> > Se a Pantelleria è vietato nascere

Se a Pantelleria è vietato nascere

Il paradosso del punto nascita di Pantelleria

Da otto anni un decreto perseguita Pantelleria: venire alla luce nel punto nascita della propria isola è un lusso, un capriccio o un diritto?

Pantelleria è molto diversa da Lampedusa: è tutta scogli, e di difficile approdo. I migranti arrivano, ma meno, e solo dalla rotta tunisina. Non c’è una spiaggia, e dunque neanche lo spettacolo delle uova deposte dalle tartarughe, la schiusa e la corsa disordinata e felice dei neonati verso l’acqua. Il guaio è che sull’isola rischiano di non nascere neppure gli umani. È per questo – anche per questo- che un gruppo di donne picchetta da giorni, sotto soli e piogge di fine estate l’ospedale davanti al porto. Non ce l’hanno con l’ospedale, e tanto meno con la dozzina di medici – metà dei quali stanziali, gli altri in trasferta – né con gli infermieri, che fanno del loro meglio. Ce l’hanno con un decreto che da otto anni perseguita l’isola, 7500 abitanti, più vicina alla Tunisia (70 chilometri di mare) che alla Sicilia (110 chilometri, 6/7 ore di traghetto). Il decreto prevede che là dove in un ospedale nascano meno di 500 bambini l’anno, il punto nascita debba essere chiuso. Poiché lo stesso decreto stabilisce anche che il punto nascita alternativo debba essere entro i 100 chilometri, cosa qui impossibile. Così per anni e fino allo scorso gennaio si è andati avanti per deroghe: l’ultimo parto isolano è del 25 gennaio 2020. Poi viaggi per nave o per aereo delle partorienti, di mariti, di nonne: 9 parti lontano da casa, e in tempi di Covid, uno spettro che finora ha risparmiato l’isola.

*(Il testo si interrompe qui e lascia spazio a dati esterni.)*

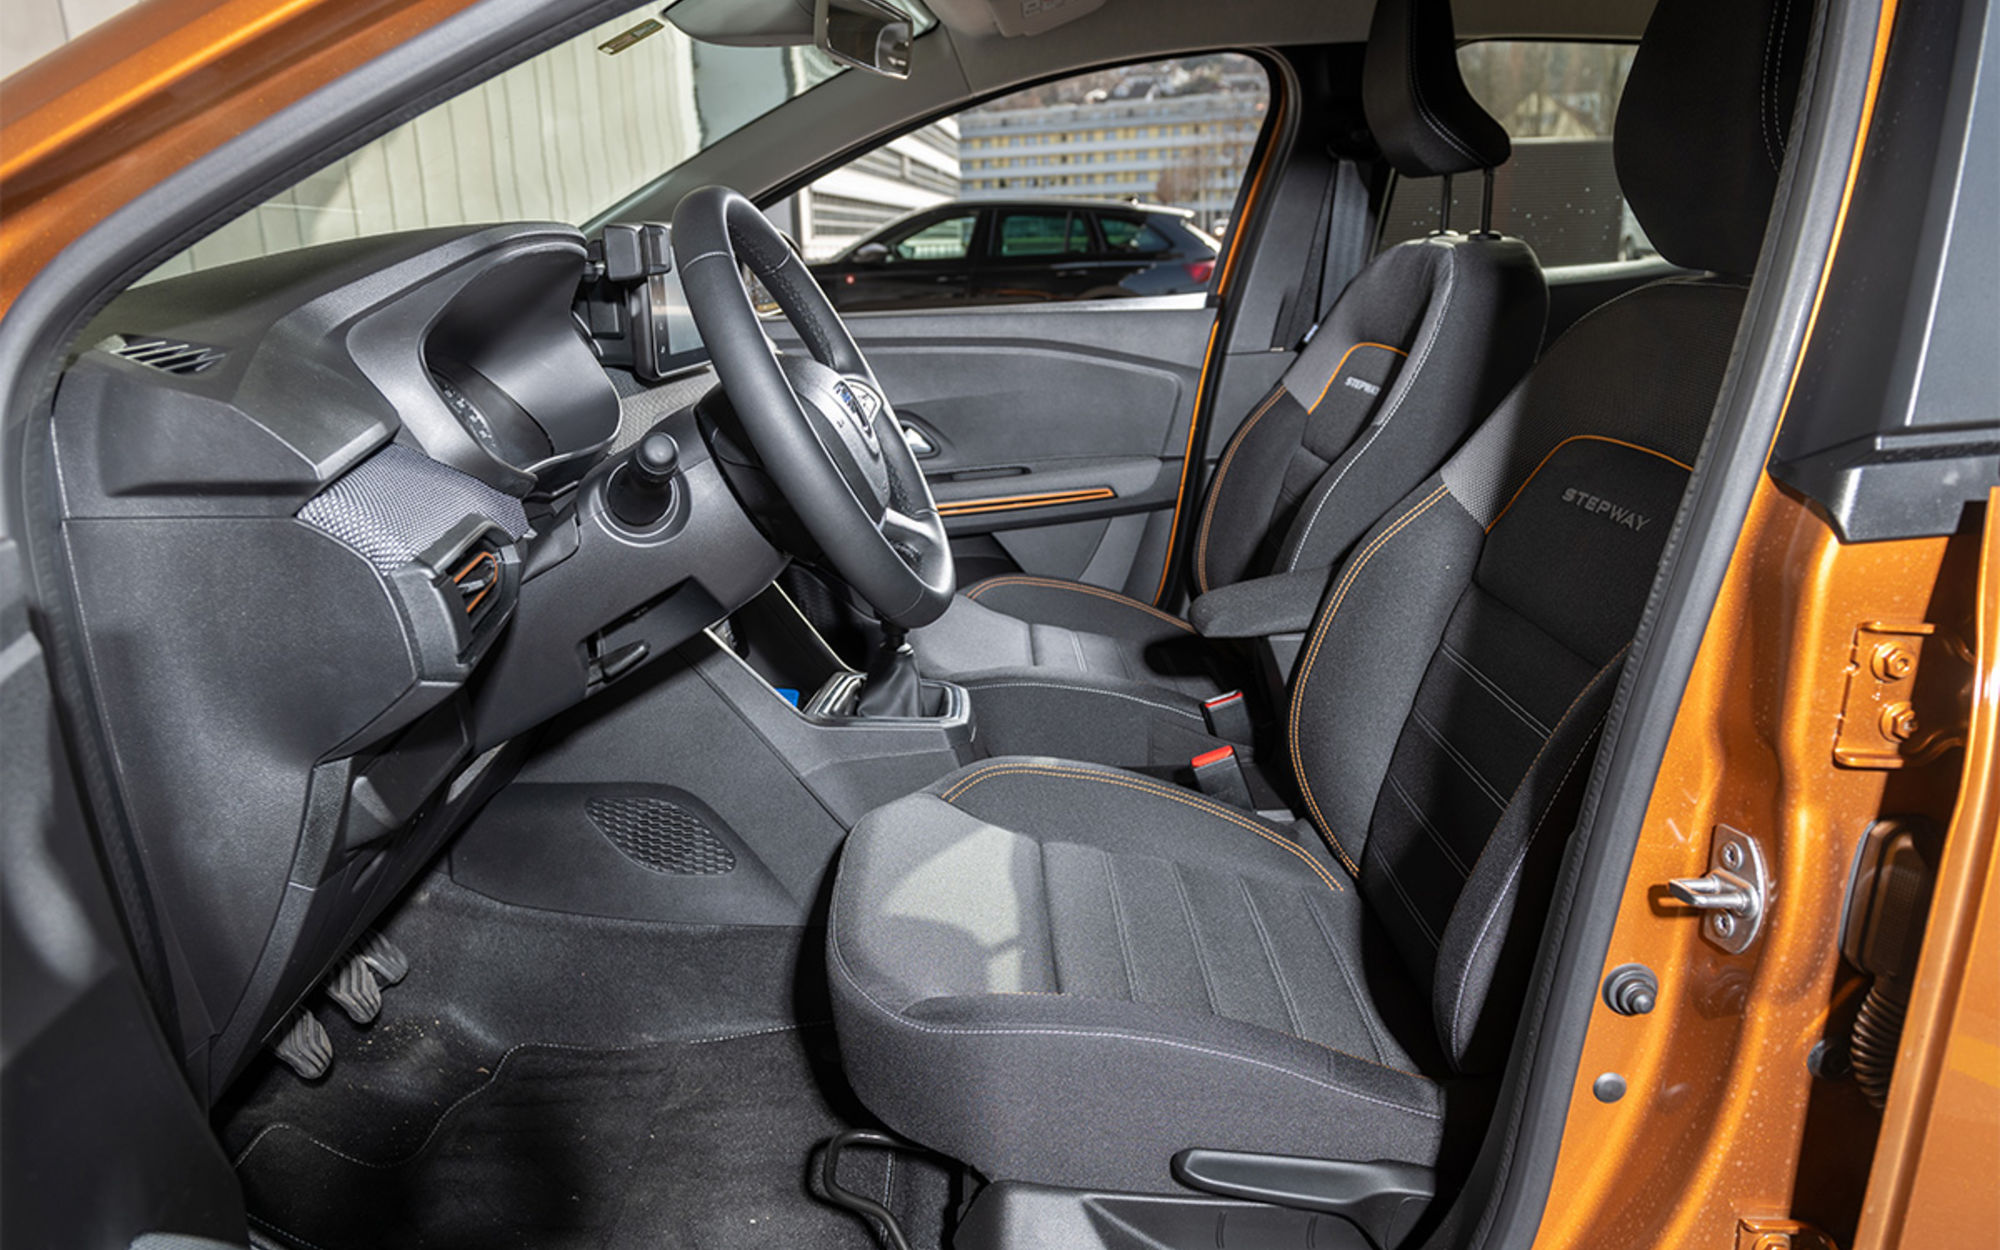 Test de voiture : Dacia Sandero Stepway TCE 90 Comfort - TCS Suisse

Il punto nascita può già contare su un ginecologo, quattro ostetriche, un pediatra, un’infermiera, tre isole neonatali con ventilatore, due culle a caldo, un’incubatrice da trasporto, un respiratore neonatale, due ecografi. Cosa manca? Quello che manca deve rispondere a una domanda: con 34 e passa miliardi che dal Recovery Fund verranno indirizzati agli ospedali (per non parlare del Mes, più a portata di mano e più specifico) non vale la pena fare uno strappo alle logiche aziendalistiche e consentire che i panteschi nascano sull’isola anche se non saranno mai 500 parti in un anno? È un lusso, un capriccio o un diritto? E ovviamente è una domanda che non chiede risposte solo tecniche, o anagrafiche o antropologiche, al tempo della pandemia. Come le gestanti sono costretti a viaggiare anche i malati oncologici, con il loro bagaglio di disagi e di rischi. La lista di richieste, qui, è più lunga: la presenza di un oncologo e di uno psichiatra, la possibilità di effettuare sull’isola la colonscopia, la gastroscopia, la mammografia, l’esame del colon retto, dell’utero, l’angioscopia, la morfologica, l’ecografia delle anche, l’ultra screening, la tac. L’attivazione di un’ambulanza medicalizzata e la creazione di qualche posto letto per malati terminali.

Abbiamo tutti vissuto lo strazio delle morti solitarie nelle terapie intensive, la scorsa primavera. Dovrebbe bastarci a capire che morire, quando tocca, nella propria isola è un piccolo diritto, come quello di nascervi.